Dive Brief:
- Warren Buffett's Berkshire Hathaway had $55.5 billion in cash on June 30, which is the first time the company ended a quarter on the fiscal calendar above $50 billion since Buffett became chairman and CEO, Bloomberg reports.
- $55.5 billion is more than twice the amount Buffett wants to have available to pay any unexpectedly hefty insurance claims and raises the notion that Buffett is waiting on a "fat pitch" to make a big acquisition.
Dive Insight:
Electric utilities are known to be among Buffett's preferred M&A targets with Berkshire having recently acquired NV Energy for $5.6 billion and moving to buy Canadian transmission company AltaLink. "We're going to keep [investing in energy] as far as the eye can see," Buffett said at Edison Electric Institute's (EEI) annual meeting.
But who could Buffett buy? There a few possibilities.

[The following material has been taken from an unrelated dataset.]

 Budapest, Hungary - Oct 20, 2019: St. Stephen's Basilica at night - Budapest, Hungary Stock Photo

Bankrupt Energy Future Holdings' transmission and distribution utility Oncor is up for auction and is viewed by many analysts as a premium asset located in Texas' growing economic environment. Buffett could make a bid for the utility, but only if it comes at a friendly price and boasts attractive returns.

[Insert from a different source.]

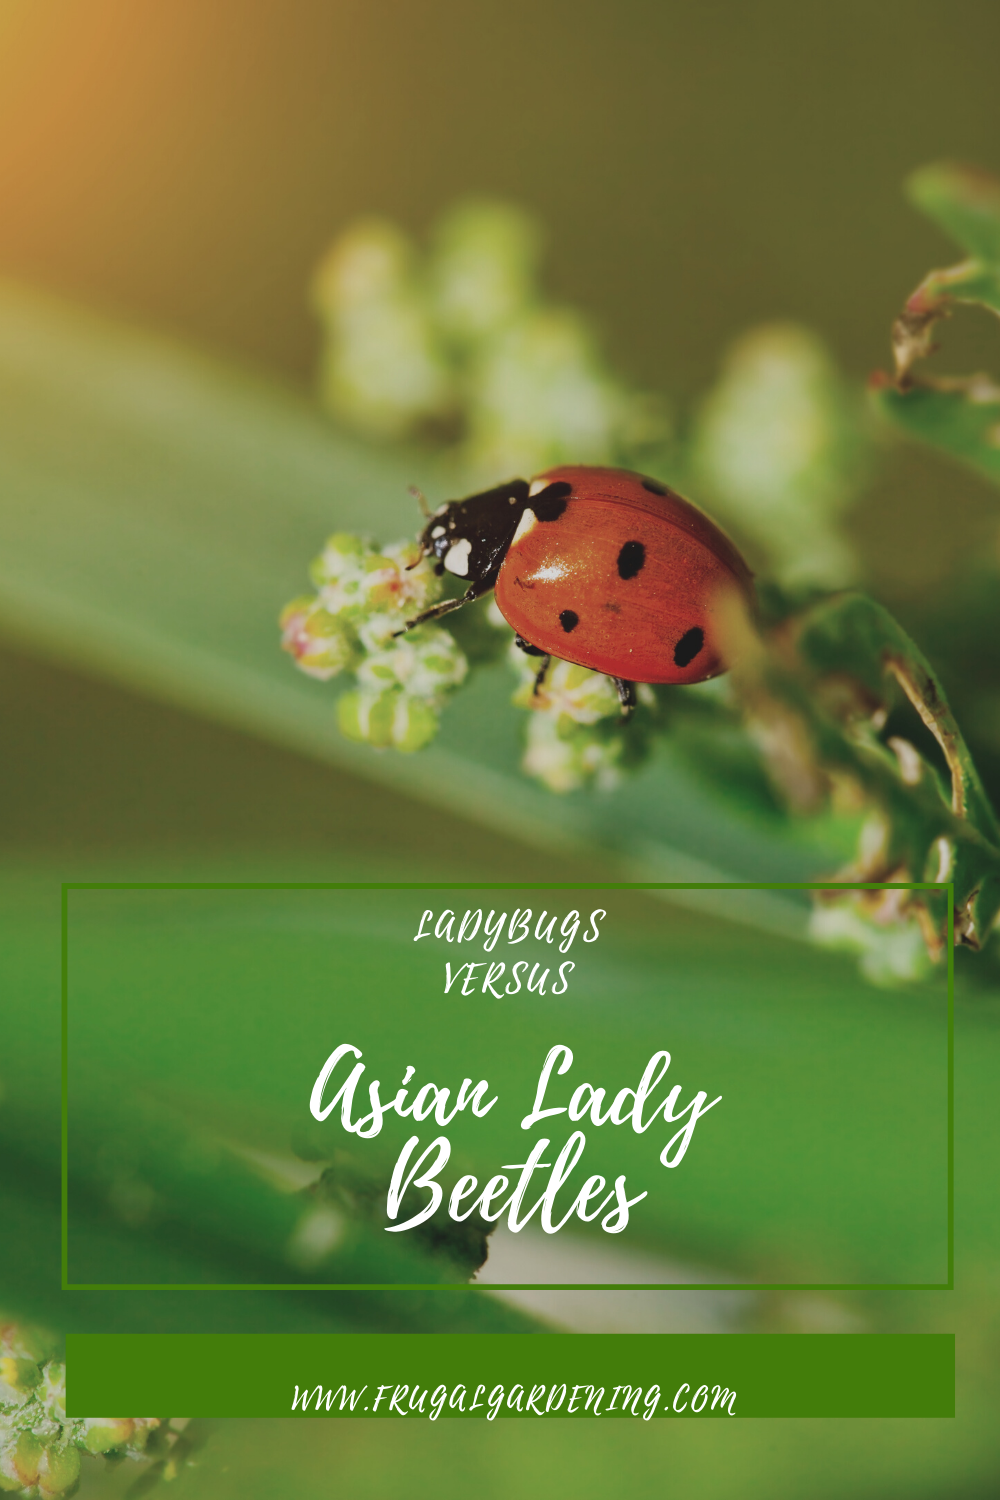 Ladybugs Versus Asian Lady Beetles

Wisconsin Energy, which recently moved to buy Integrys for $5.8 billion, is another candidate thanks to its good management and favorable regulatory environment, both of which Buffett is known to like.
Finally, there's Alliant Energy, which operates in the same regions as Berkshire Hathaway Energy, and Westar Energy, which is currently pursuing one of the largest utility capital investment programs in the U.S. Buffett prefers bolt-on acquisitions that offer further returns in places where he already has a foothold, according to Robert Miles, an authority on Buffett and Berkshire Hathaway. And the promise of a healthy capital spend program is pretty hard to pass up when you've got as much money as Buffett does.